Business loans or overdrafts, how to finance your company.

Financing a company in today’s unstable economy is no easy task. How you get about it will depend on various factors. What short term, mid term and long term goals you have. How much cash you need to finance your company and what stage of development your company is.

For instance to start a company can be the hardest stage to find financing. You have no business record, no sales, no assets to use as collateral. This makes it hard to find investors, banks and other finance companies that will risk giving you a loan. Because situations change and context is very important when deciding which finance option to choose, you need to analyze your personal circumstances before deciding on which finance option is best for your company.

Business loans.

Business loans are loans provided by a bank or some other finance company to your business. The precise conditions depend on the contract, but generally the business acts as a virtual person that takes on the loan. This has various advantages. If your company does not work, the debts your company takes on will not necessarily pass on to you.
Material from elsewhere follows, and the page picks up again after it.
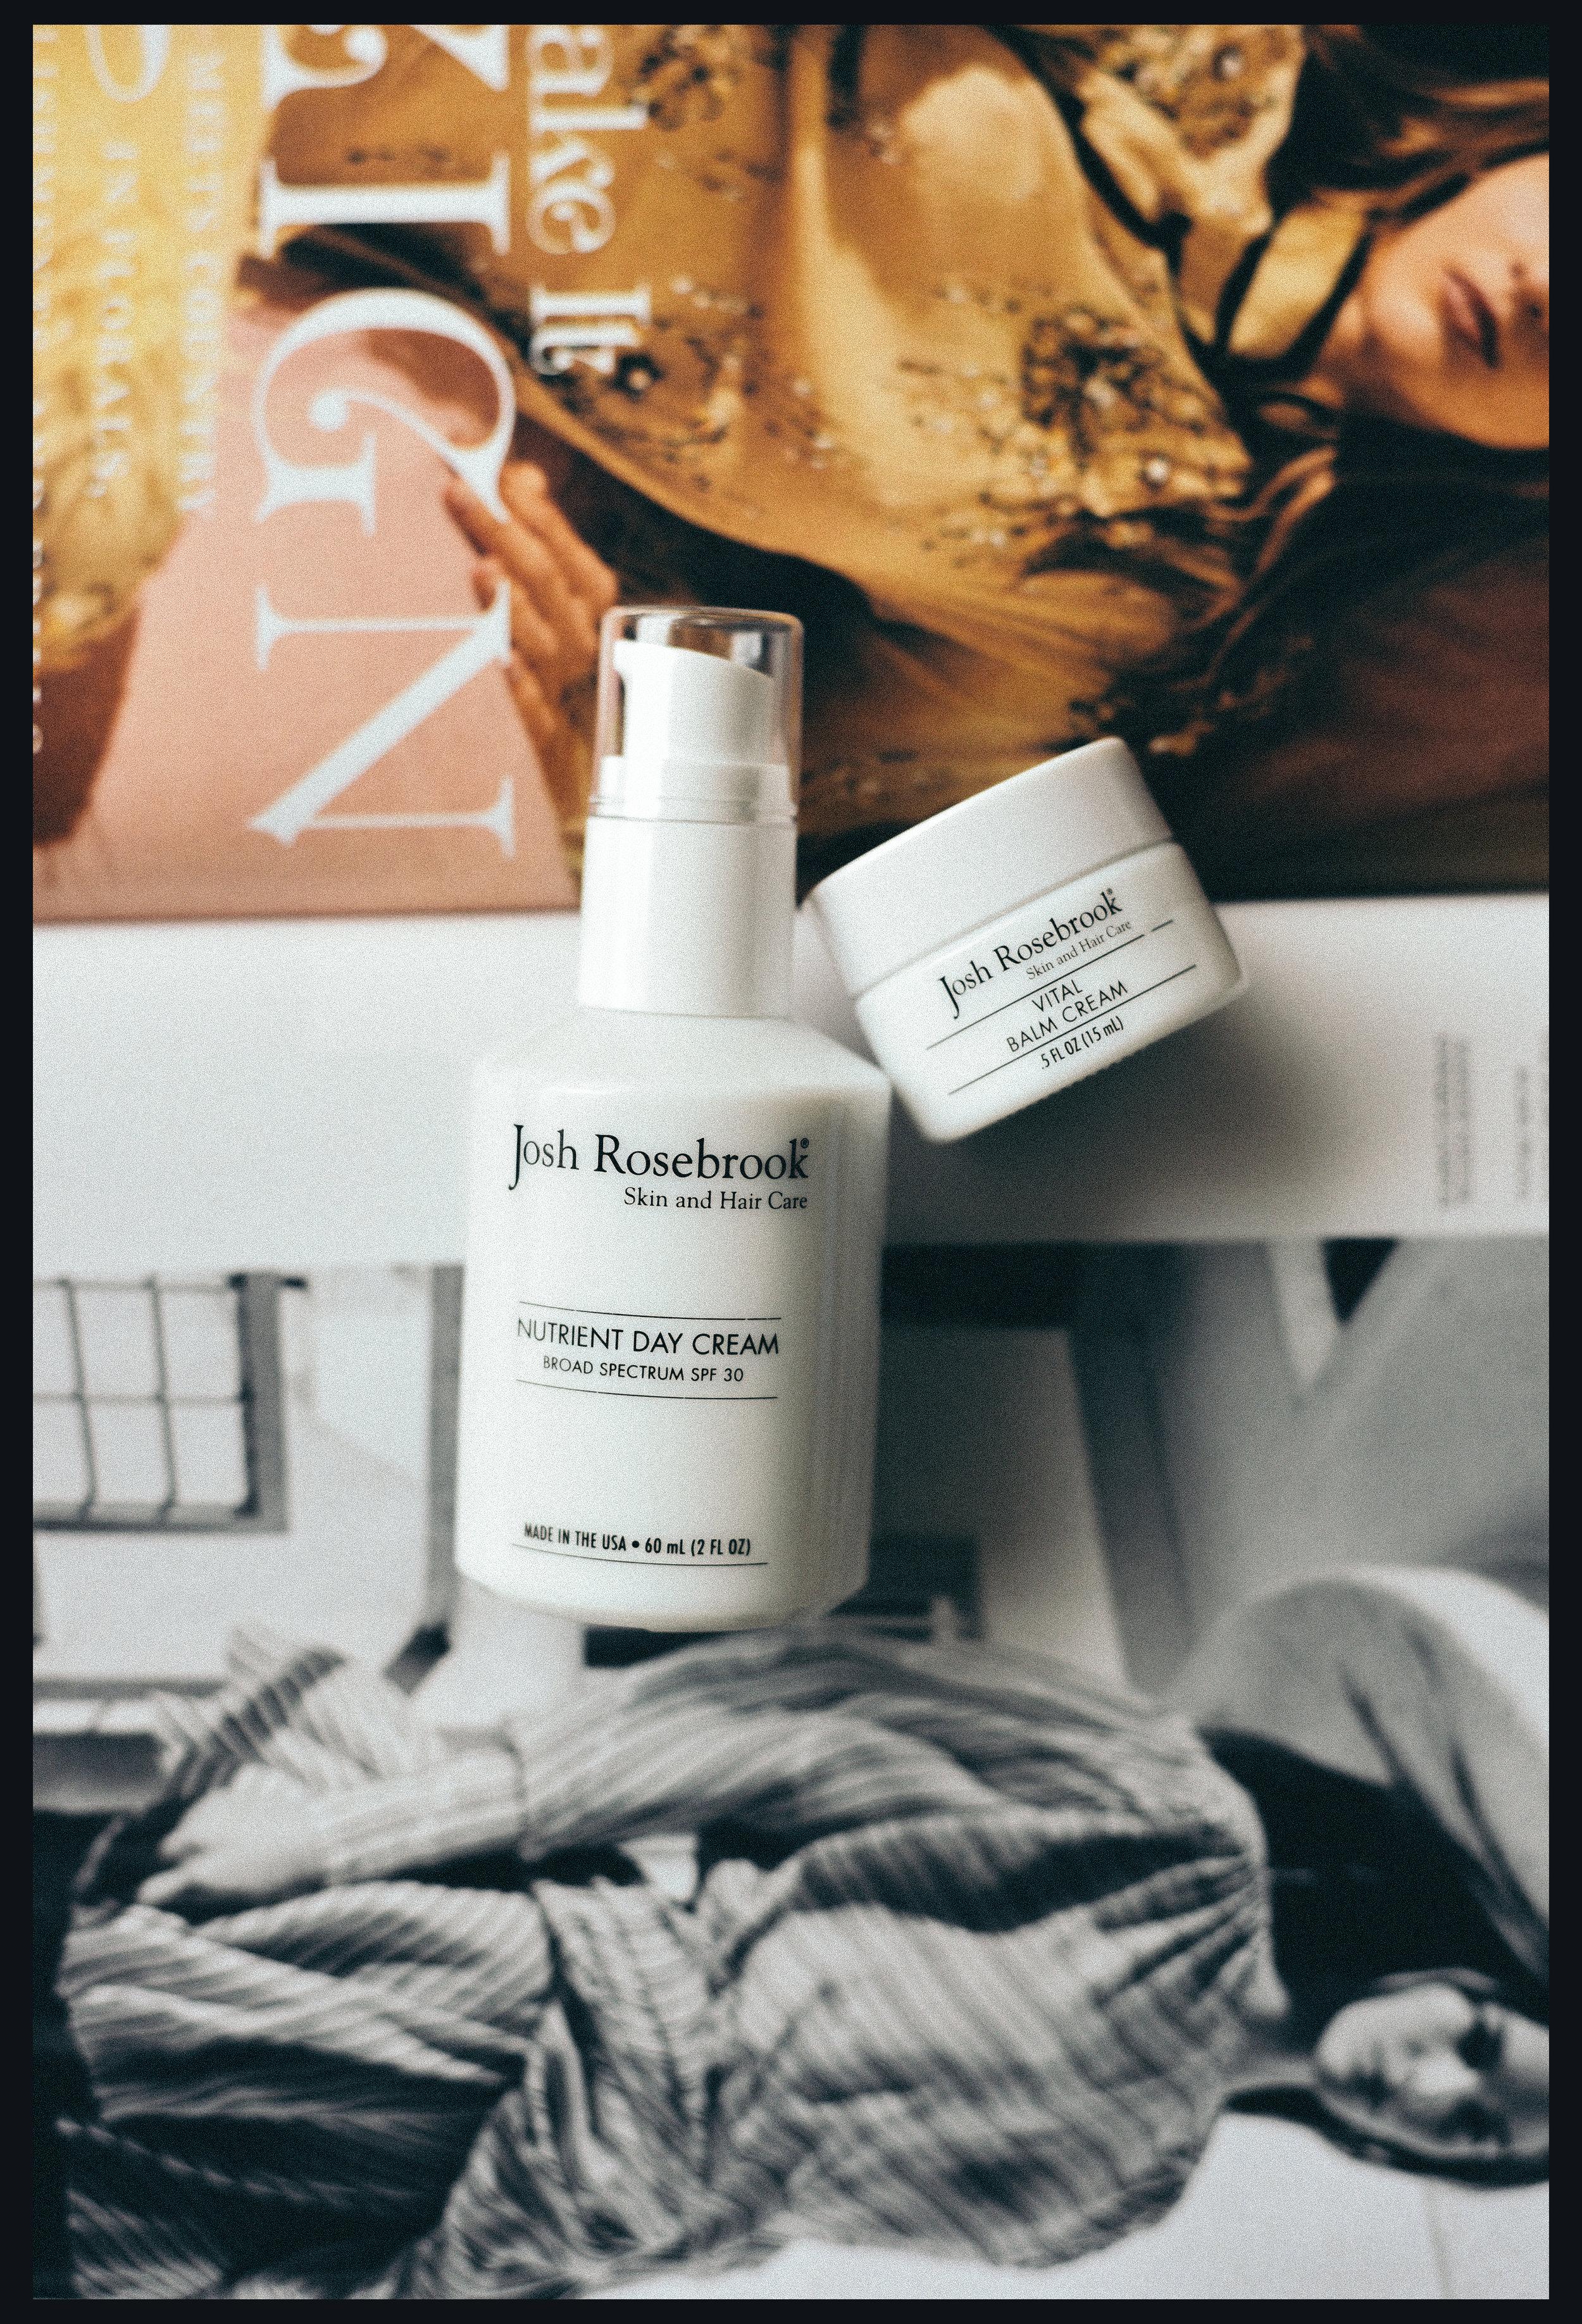 Beauty Heroes July Box, Josh Rosebrook's Nutrient Day Cream & Vital Balm Cream

Business loans provide a lump sum that can be used as you see fit. It also provides a safety net for last minute expenses or investments. This allows your company to be more flexible and adapt to change faster and more efficiently. However business loans require time and documentation to be approved. If your company has not past history and no assets to provide as collateral you might have to begin with a personal loan and then take a larger business loan when your company is solvent. Business loans are also expensive. You will need to pay setting up fees, interest rates, setting up fees and probably penalty fees if you wish to pay your loan early.

Business overdrafts.

Business overdrafts are an agreement between your business and a bank. The bank agrees to provide you with cash on demand up to a certain amount. You only pay interest on the amount you borrow, not on your overdraft maximum. You can generally pay back as much or as little as you want / can. Overdraft facilities are organized for a set period of time at which the full overdraft should be paid. Overdraft services can be renewed for a renewal fee. The advantage of overdrafts over loans is that you only pay interest on what you need, on what you actually borrow through the overdraft. Interest is charged daily so you have more control on your finance costs.

So which option is best for you? It will depend on the needs, context, situation of your business, plus your personality. If you are planning to to make one large payment or investment a loan might be better. You will probably be able to arrange cheaper interest rates. However if you are not sure of the amount of cash you will need, but want to be able to have cash when and where needed, business overdrafts might be the best choice for you.